Et de poser des questions qui dérangent : faut-il produire toujours plus ? consommer autant de viande ? maintenir un système qui épuise les sols ? “Pour une calorie animale, il faut trois fois plus de terres cultivables qu’une calorie végétale.”
Une seule santé, un seul système
La biodiversité n’est pas seulement une affaire d’écologie. C’est une question de santé publique. Tatiana Giraud cite une étude frappante : l’effondrement des populations de chauves-souris aux États-Unis a entraîné une hausse de l’usage de pesticides… et, en cascade, une augmentation des cancers chez les enfants. “On peut se demander quel est le rapport entre les chauves-souris et les cancers juvéniles. En fait, les populations de chauves-souris étaient effondrées parce qu'il y avait un champignon pathogène envahissant qui rendait malades les chauves-souris américaines. Or, les chauves-souris ont une utilité : elles chassent les insectes dans les cultures agricoles la nuit. Moins de chauves-souris, ça veut dire des champs davantage ravagés. Pour lutter, les agrculteurs ont eu davantage recoux aux pesticides. Non seulement, cela n’a pas rétabli les rendements, mais ça a fait chuter le chiffre d'affaires chez les agriculteurs, et, pire, cette recrudescence des pesticdes a eu pour conséquence une hausse de 10 % du taux de cancer chez les enfants.”
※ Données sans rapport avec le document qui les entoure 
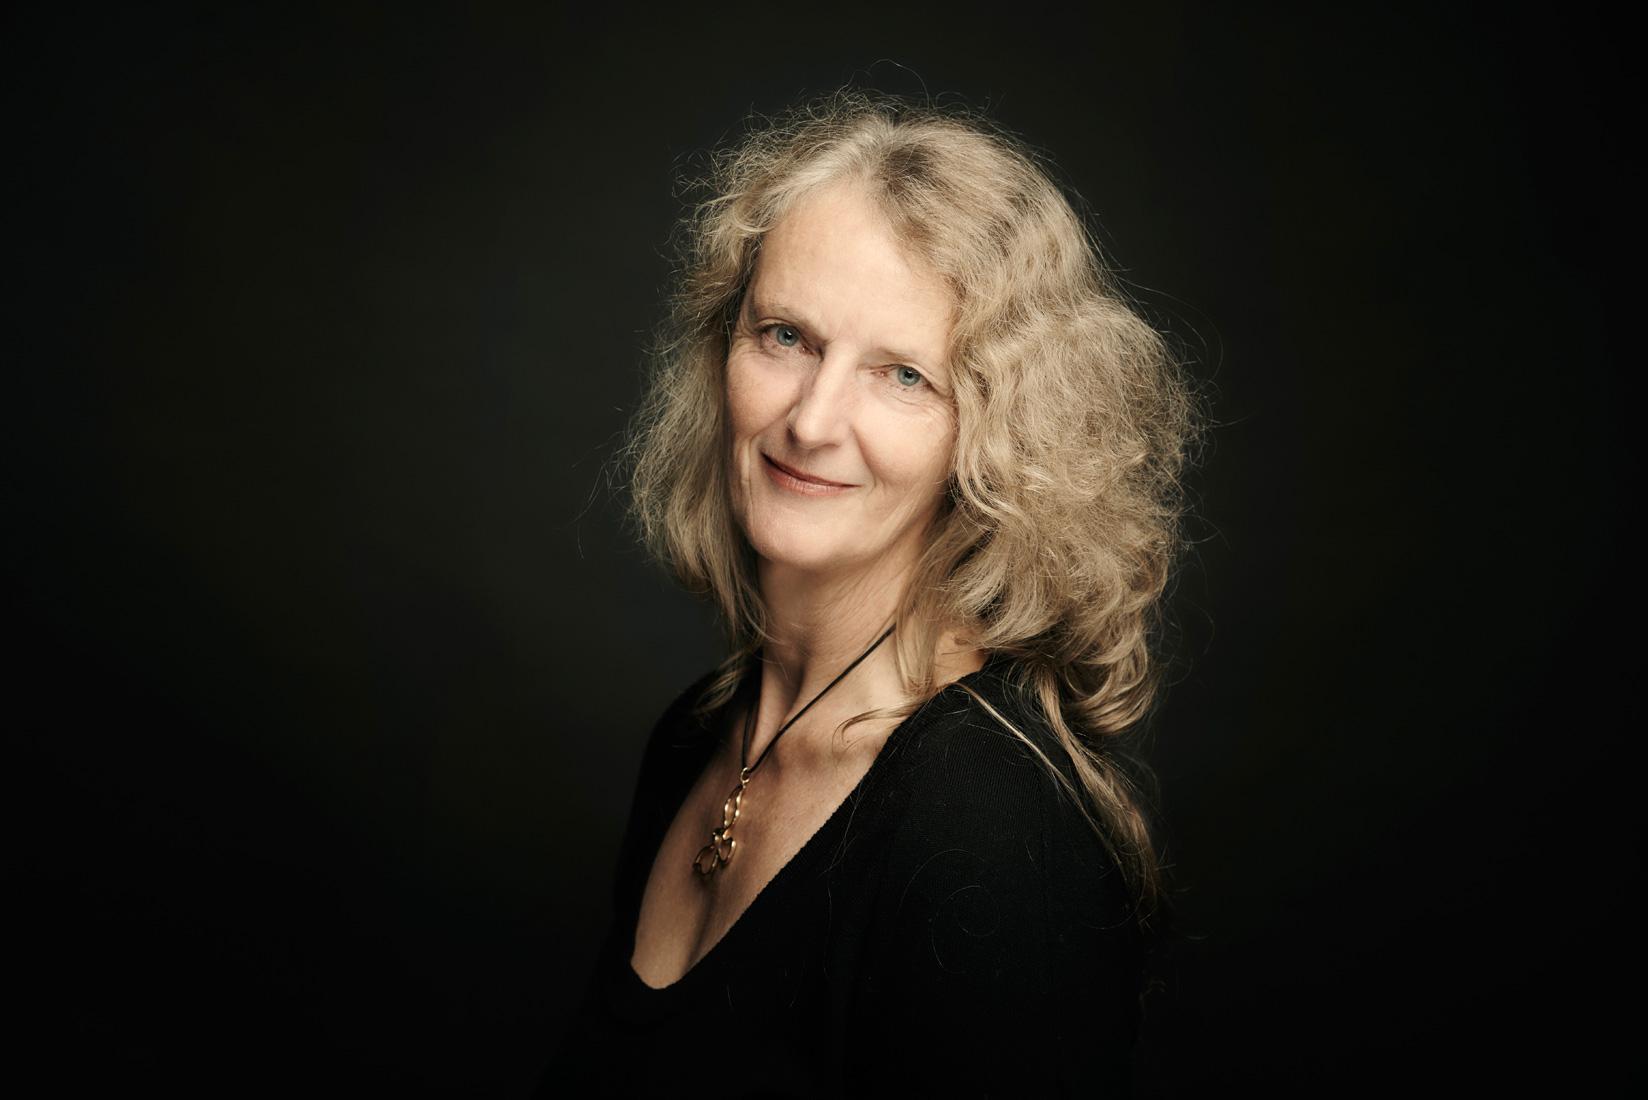 Birgit Renate Schmidt

Un enchaînement qui illustre ce que les scientifiques appellent la “santé globale” : tout est lié. La santé des écosystèmes, celle des animaux, celle des humains. “En protégeant la biodiversité, on protège directement notre santé.”
Une fenêtre d’espoir… encore ouverte
La bonne nouvelle, c’est que rien n’est irréversible. Pas encore. “Nous ne sommes pas encore à un point de bascule de la biodiversité.” Et lorsque l’on laisse la nature respirer, elle repart. Vite. Des expériences de renaturation le montrent : les espèces reviennent, les équilibres se recréent. “Si on arrête d’empoisonner les sols, si on arrête de détruire les habitats, la biodiversité peut se régénérer très vite.”
Mais cette fenêtre se referme. Le problème, c’est que nous ne savons pas où se situent les seuils. “On ne peut pas dire jusqu’où on peut détruire sans que ça bascule.” Alors, que faire ? Appliquer un principe simple, presque oublié : la précaution. “Avant d’en savoir scientifiquement plus, il serait temps d’arrêter.” Chiche ?!